Table of regional membership estimates
| Date | Estimate | Scope | Reference |  |
|---|---|---|---|---|
| 1995 | 4,000 | Japan | University of Virginia |  |
| 1995 | 4,000 | Quebec | University of Virginia |  |
| 1995 | 10,000 | Europe | University of Virginia |  |
| 1996-01-14 | 50 | Miami | The Miami Herald |  |
| 1996-01-14 | 600 | United States | The Miami Herald |  |
| 2001-08-08 | 24 | South Florida | South Florida Sun-Sentinel |  |
| 2002-12-31 | 5,000 | South Korea | AP Worldstream |  |
| 2003-02-10 | 6,000 | Japan | Japan Today |  |
| 2003-02-12 | 20 or more | Utah | KSL-TV |  |
| 2003-04-04 | 1,000 | United States | Las Vegas Sun |  |
| 2003-04-20 | 50 | Ireland | Irish Independent |  |
| 2003-08-03 | 4,000 | South Korea | Korea Times |  |
| 2004-04-23 | 80 | New Zealand | New Truth & TV Extra |  |
| 2005-05-05 | 100 | Southern California | NBC 4 |  |
| 2006-06-04 | 200 | Australia | The Daily Telegraph |  |
| 2021-06-08 | 27 | India | Homegrown |  |

From 1980 to 1992, Raël and his movement became increasingly global.

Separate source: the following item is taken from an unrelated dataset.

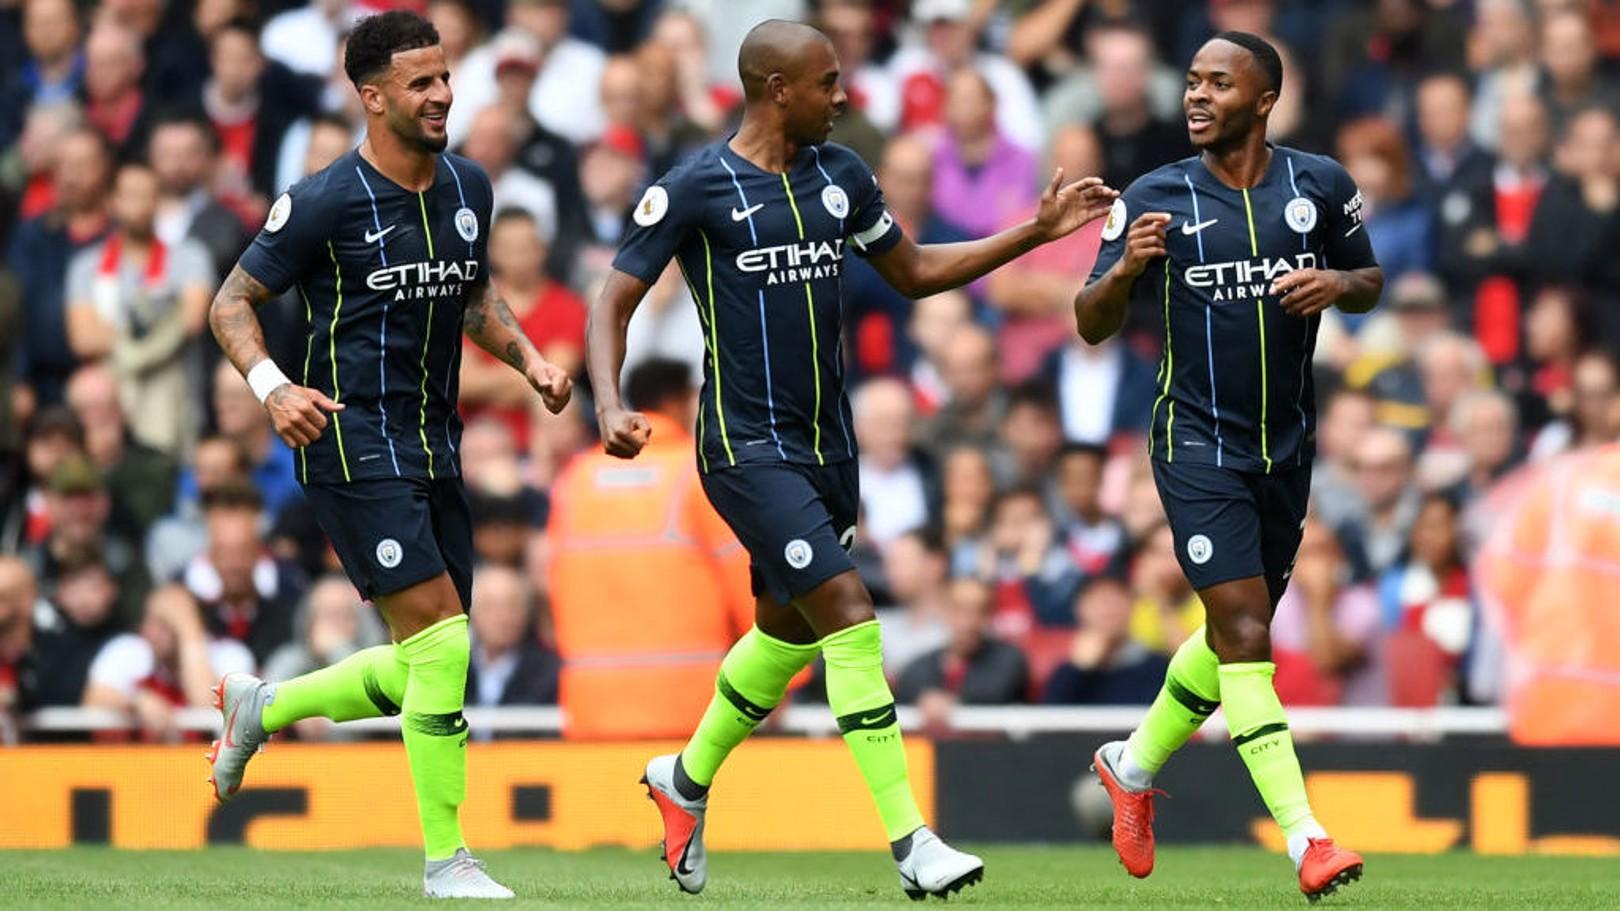 CARDIFF-CITY: Sexta jornada de la Premier League.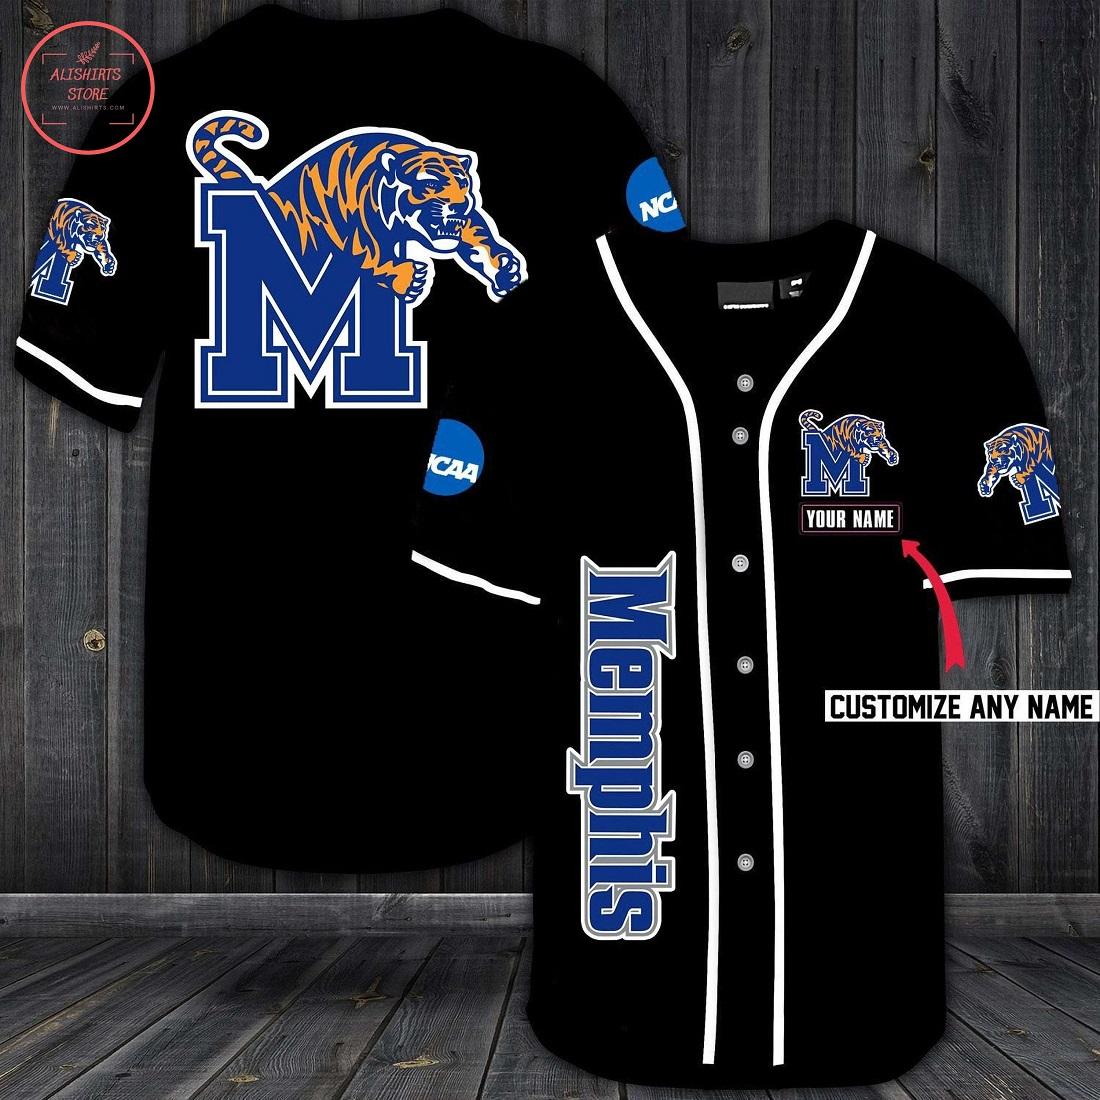 Memphis Tigers Personalized Baseball Jersey

In 1980, Claude Raël's fifth Raëlian book Sensual Meditation was published and formal publication of the Raëlian Messages in the Japanese language began as part of the Raëlian mission to Japan. Two years later, Africa became another target area in the mission to spread the Raëlian messages.